McKeesport High School chemistry teacher Mark Bacco is excited that students will be able to work with virtual chemicals that are too dangerous to use in a real lab.

Plus, he says, “it saves a lot of time and money. To set up a lab and clean it up takes 15-20 minutes to set up and 15-20 to clean up and with virtual reality, it’s over instantly and kids still get same experience.”

So the big question is how much does it cost? To make it affordable, some schools are asking kids to bring in their own devices. Then they use cardboard headsets that are only $5.

Propel High School art teacher DeVon Gandy says virtual reality can be an inspiration for many of his low income students.

“They don’t get to see anything outside where they live so they don’t have the hope to become that,” he says. He plans to use virtual reality to show his students other places and ideas. “I hope to bring it to into the community, flood it with opportunity they wouldn’t have because of financial issues.”

The headset can also help students with ADD and ADHD because it focuses your attention. It’s just the beginning of a new world beyond books.

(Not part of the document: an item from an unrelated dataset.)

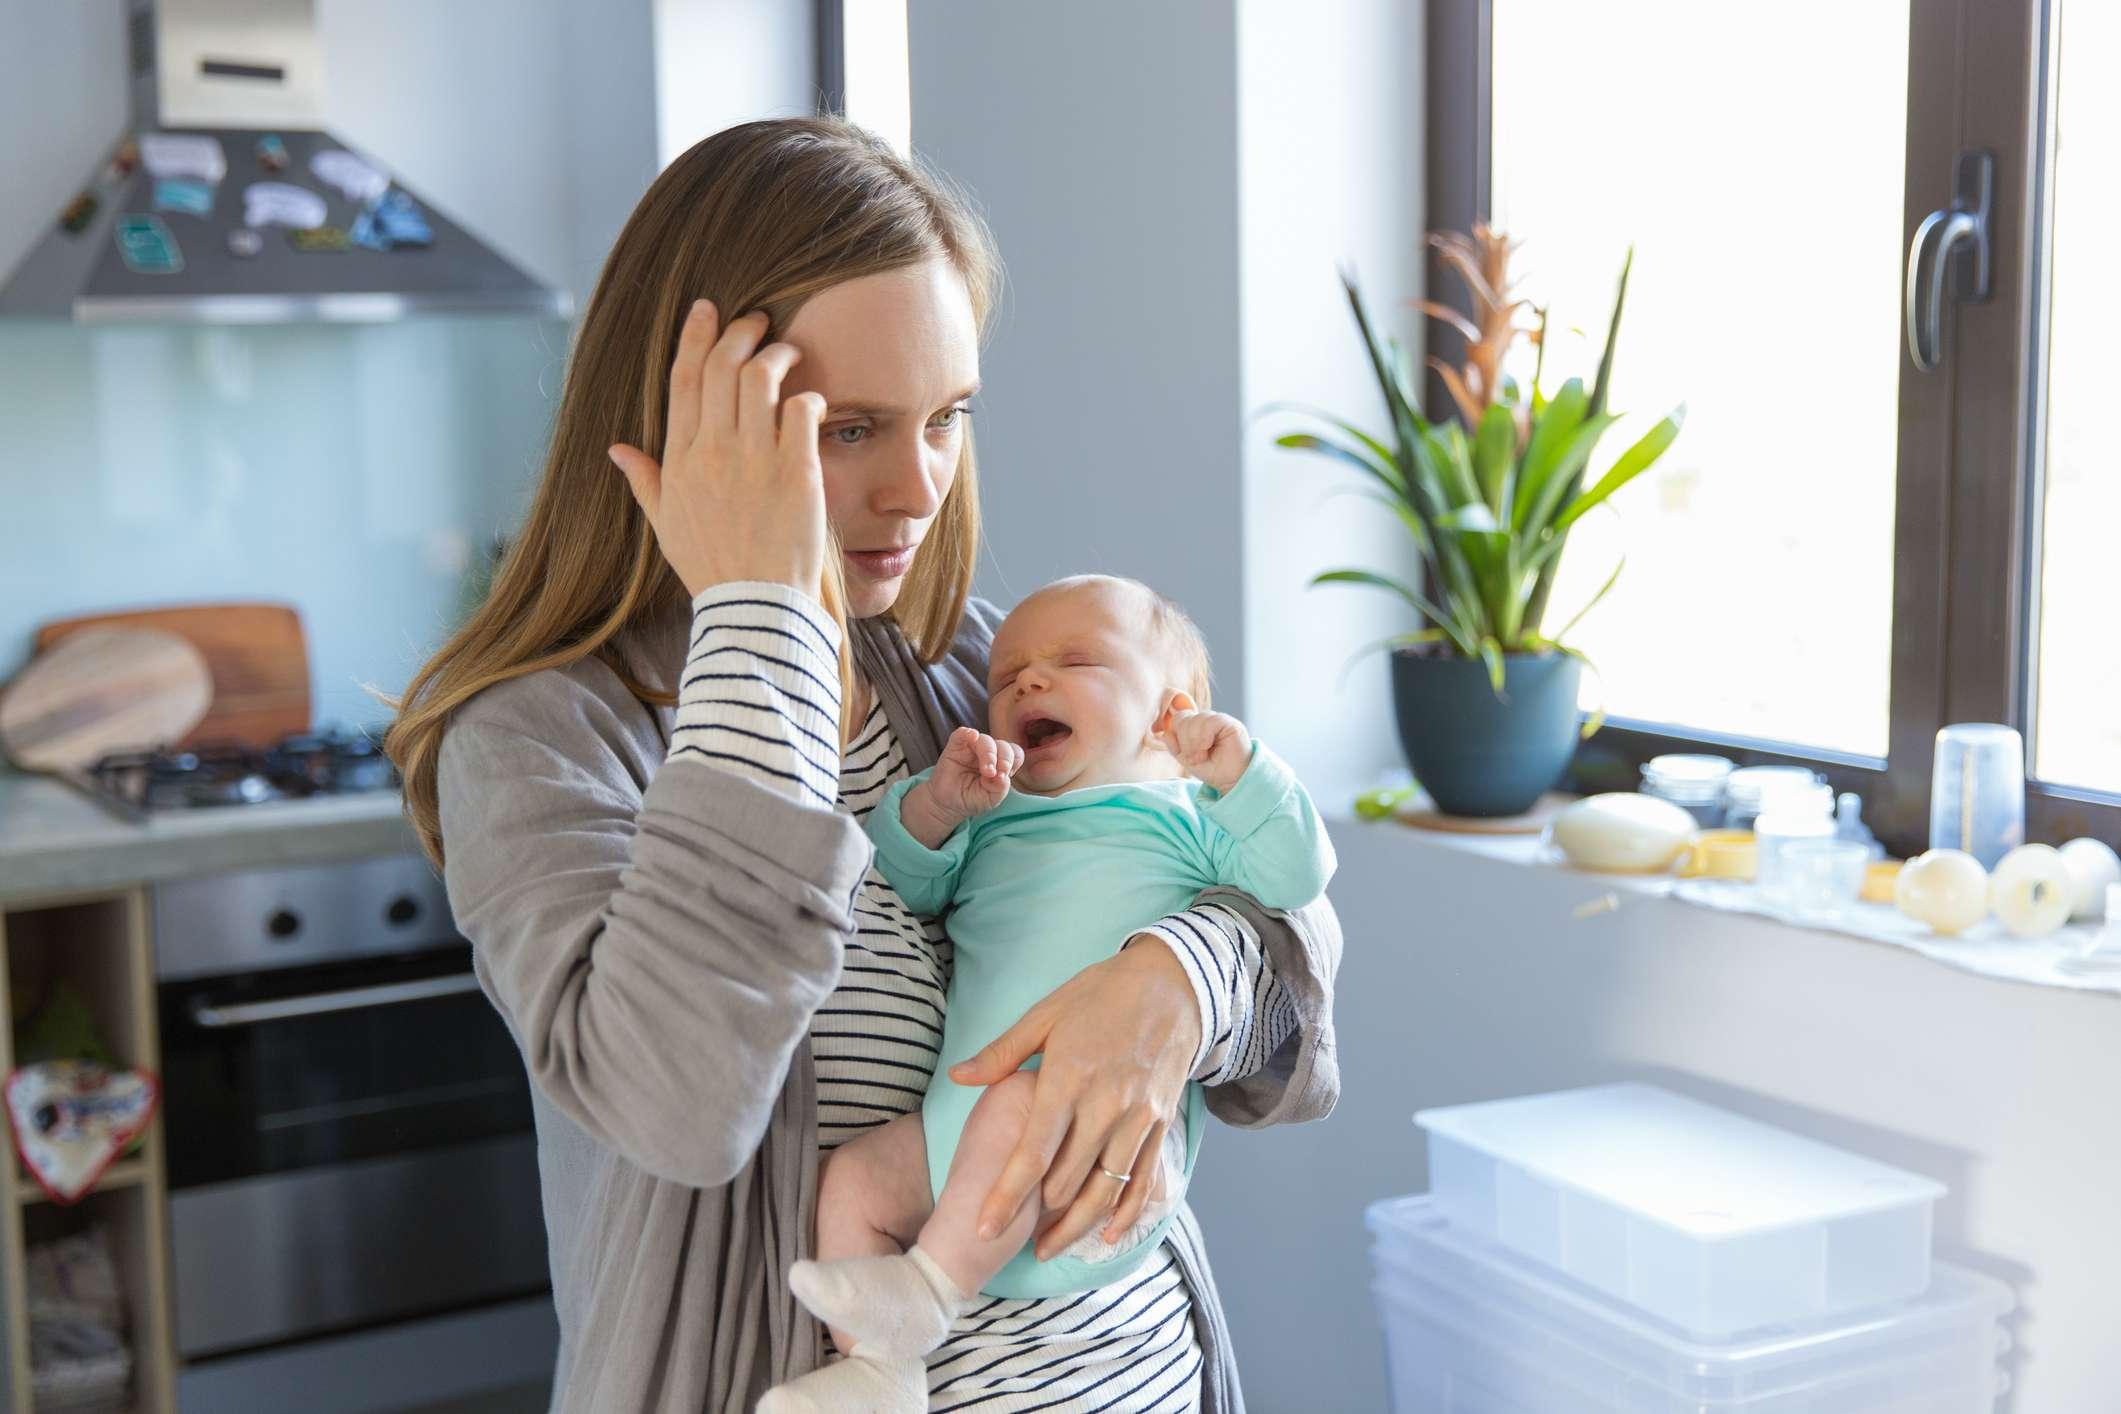 Käsittelemätön synnytyspettymys tai -trauma voi vaikuttaa muun muassa naisen kuvaan itsestään äitinä sekä äidin ja vauvan väliseen suhteeseen. Kuva: iStock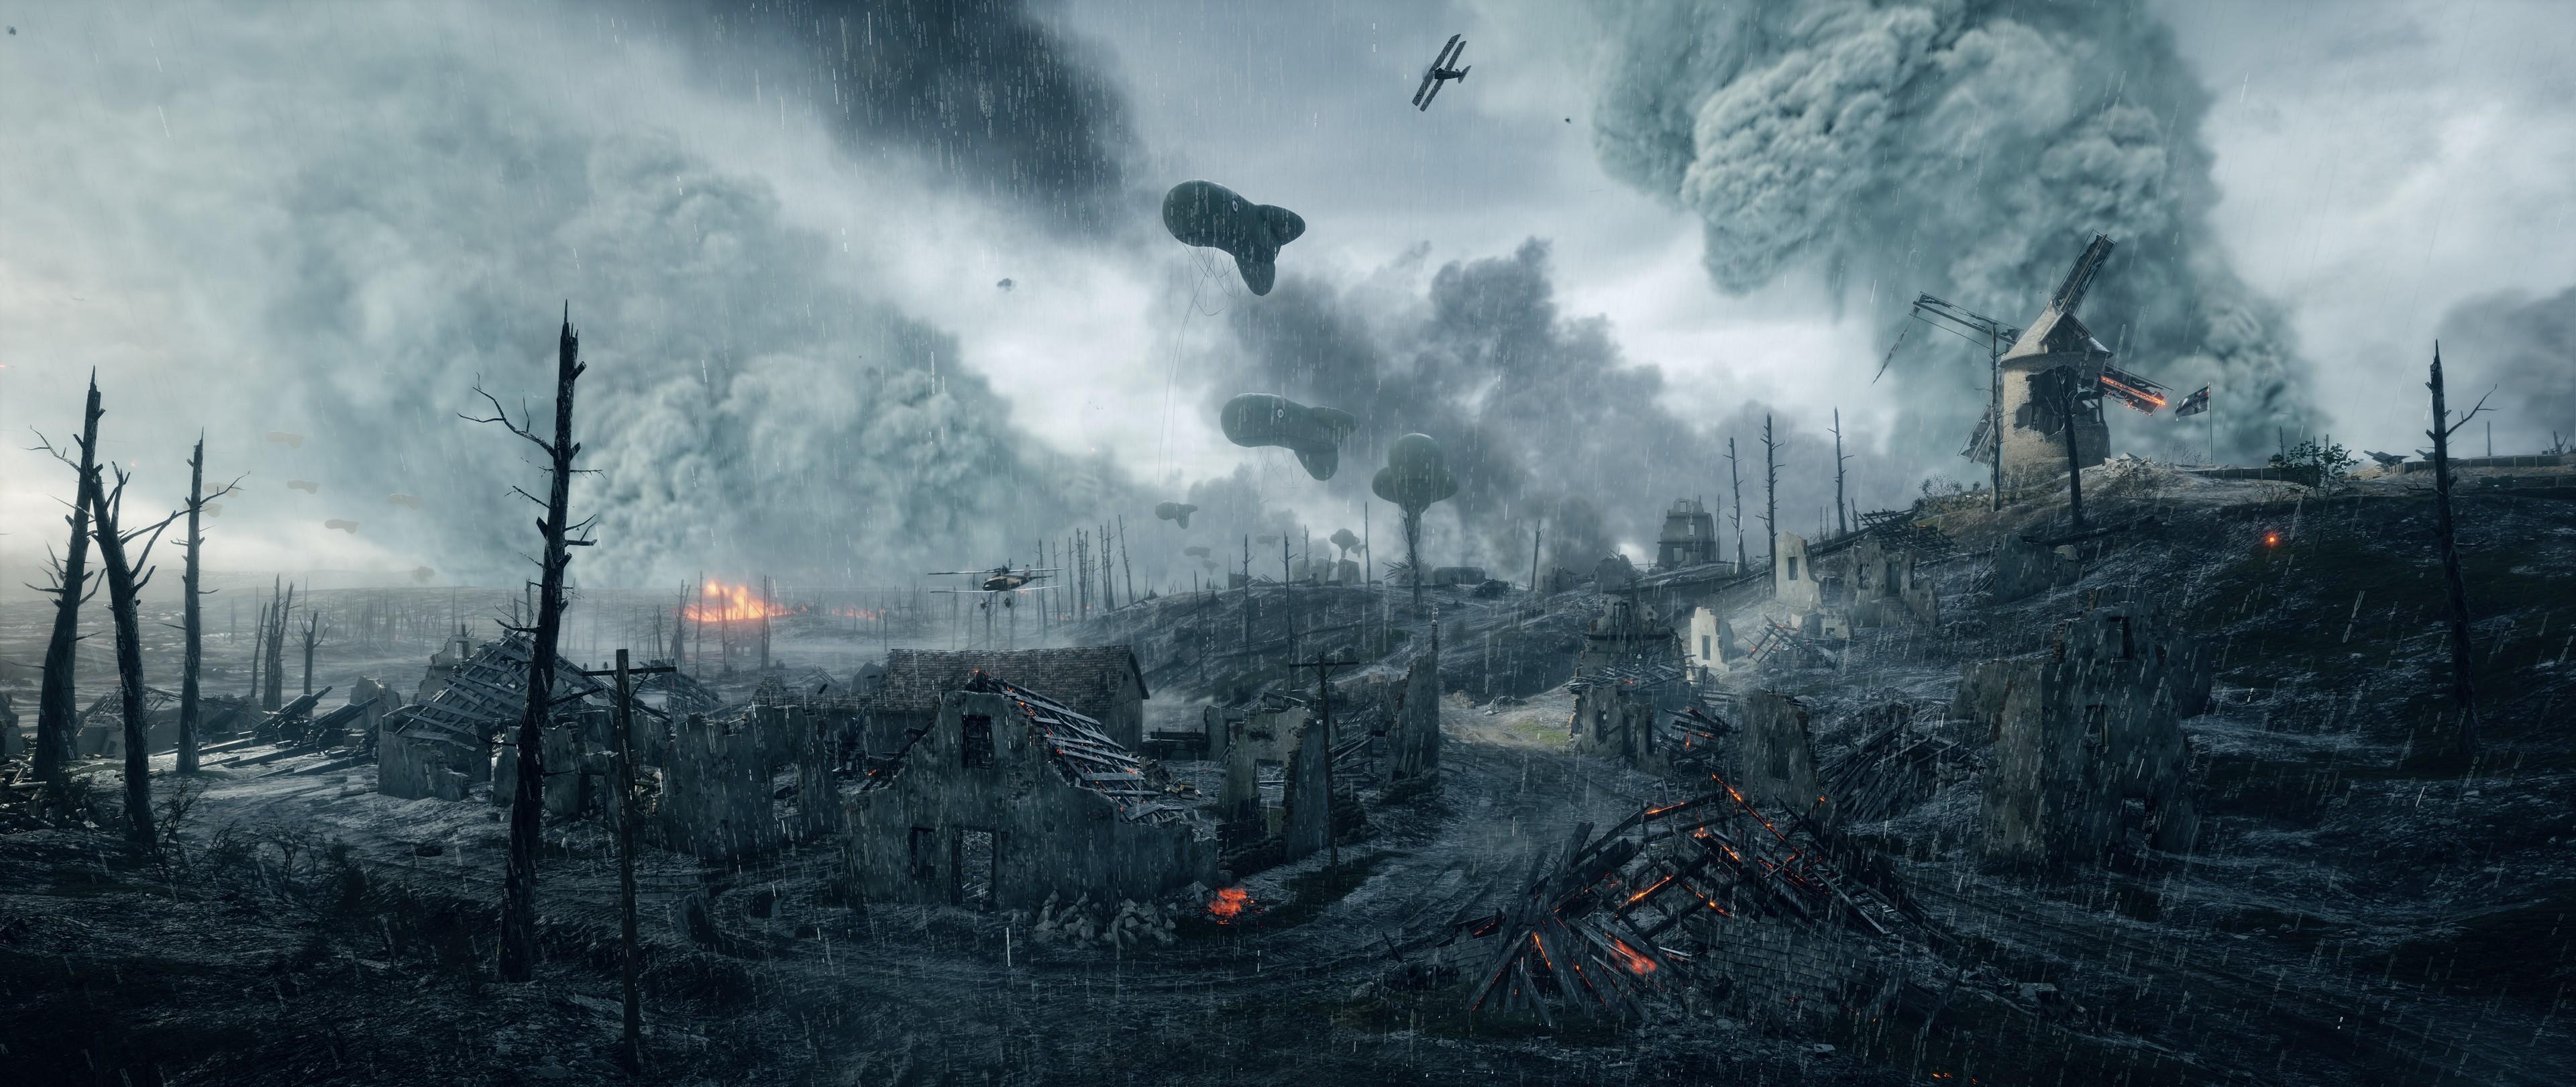 Video Games War Soldier Fire World I Battlefield 1 EA DICE Wildfire Screenshot 3840x1620 Px

Tyler Samstag, who directs innovative instruction for the AIU, says, “People are excited about the ability for [virtual reality] to create empathy and access to places and content that otherwise they wouldn’t have access to.”

For the general public, if you’ve never experienced virtual reality, there are a few places you can do it right now in Pittsburgh.

The Carnegie Museum of Art has a virtual reality experience that’s very futuristic. It’s in the Hall of Architecture until September.

Kennywood has a ride that’s using virtual reality — the Sky Rocket Coaster.

And the Steelers are planning a virtual reality experience of the football games coming out sometime this year.